AIxcrypto evangelist Algod spent the week trashing the quality of Bittensor subnets, and Bittensor founder const fired back by listing Algod’s own allegedly failed subnets: Kaito, Myshell, Efficient Frontier. Finally, Arthur Hayes unsurprisingly capitulated on WLD at all-time lows.
The rug-adjacent news was relentless. Humanity Protocol was exploited for more than $30 million, with the hacker dumping $H for ETH and the token down ~90%. The timing looked suspicious enough that “exploit” and “exit” were being used interchangeably within hours. On-chain sleuths also revived an old story: analysis suggesting Charles Hoskinson sold 1.5 billion ADA near the 2021 top, close to $3 billion at peak prices, if true.
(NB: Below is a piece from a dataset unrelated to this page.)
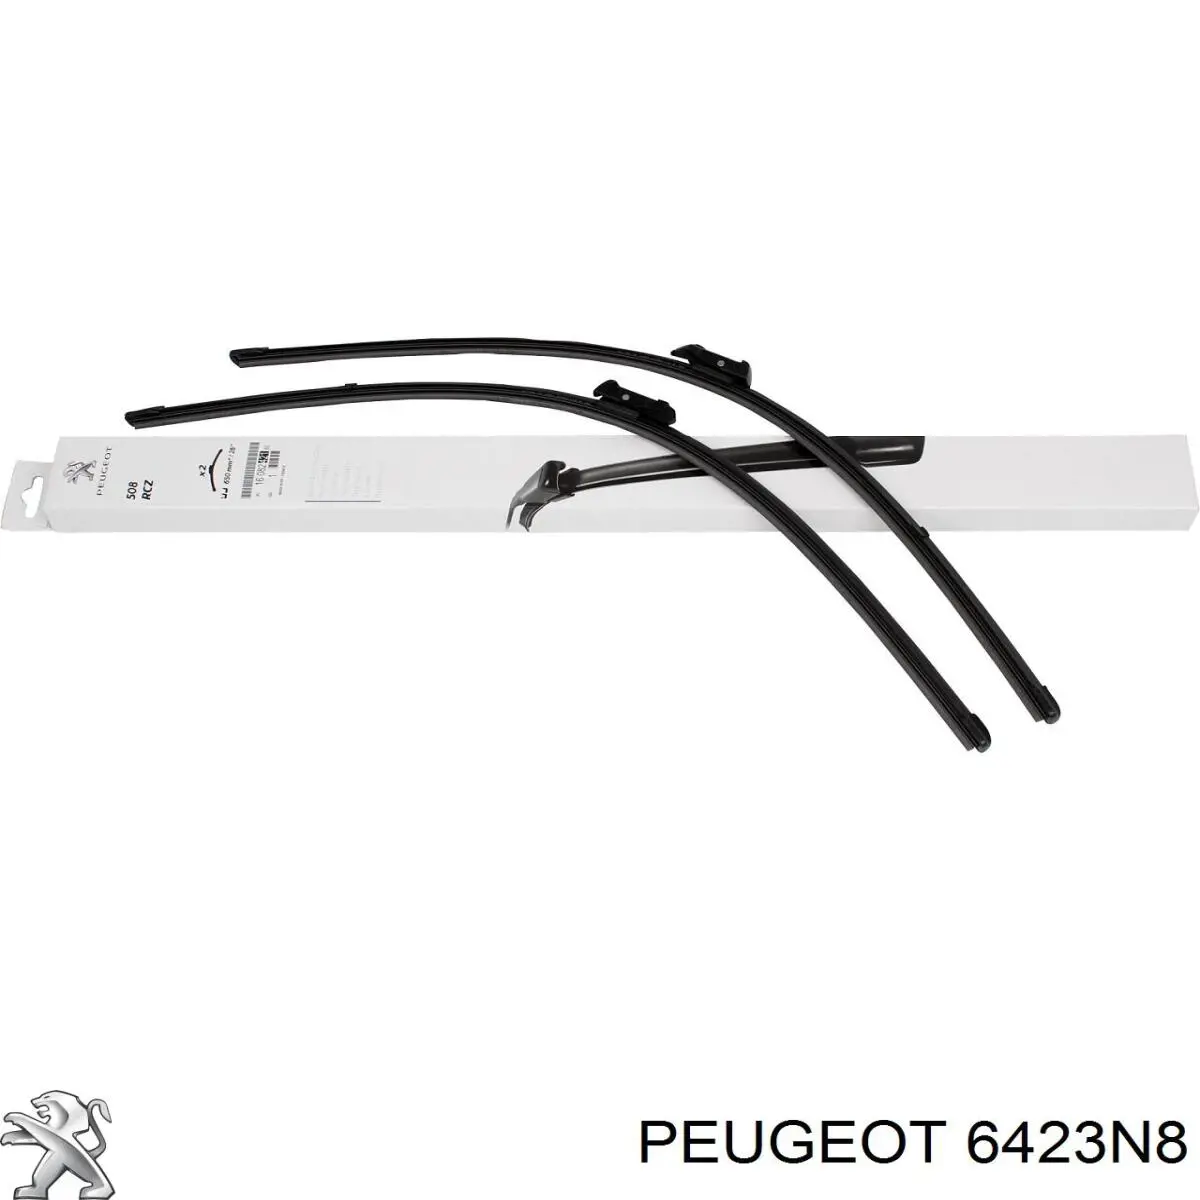 6423N8 Peugeot/Citroen limpiaparabrisas

Sam Bankman-Fried, from his federal prison cell, says he “absolutely” wants a presidential pardon from Trump. Kyle Samani was on the receiving end of an absolutely vicious roast that ricocheted around the timeline. And in the week’s strangest plot twist, on attention-starved CT (Crypto Twitter) Hunter Biden became crypto Twitter’s main character, thanking Beeple, putting his art on-chain, accepting Bitcoin as payment, and crediting Andreas Antonopoulos’s The Internet of Money for the orange pill.
A Biden capturing CT’s rapturous attention can only mean crypto is in the deep doldrums. It’ll be ok, though. Bitwise’s Hunter Horsley provided the best hopium of the week. 2026 will be remembered as a “changing of the guard”, pointing out that when Bitwise launched in 2017, the leading custodians were Xapo and Kingdom Trust, and the dominant exchanges were names like Poloniex, Bittrex, and BitMEX. Almost none of them lead today.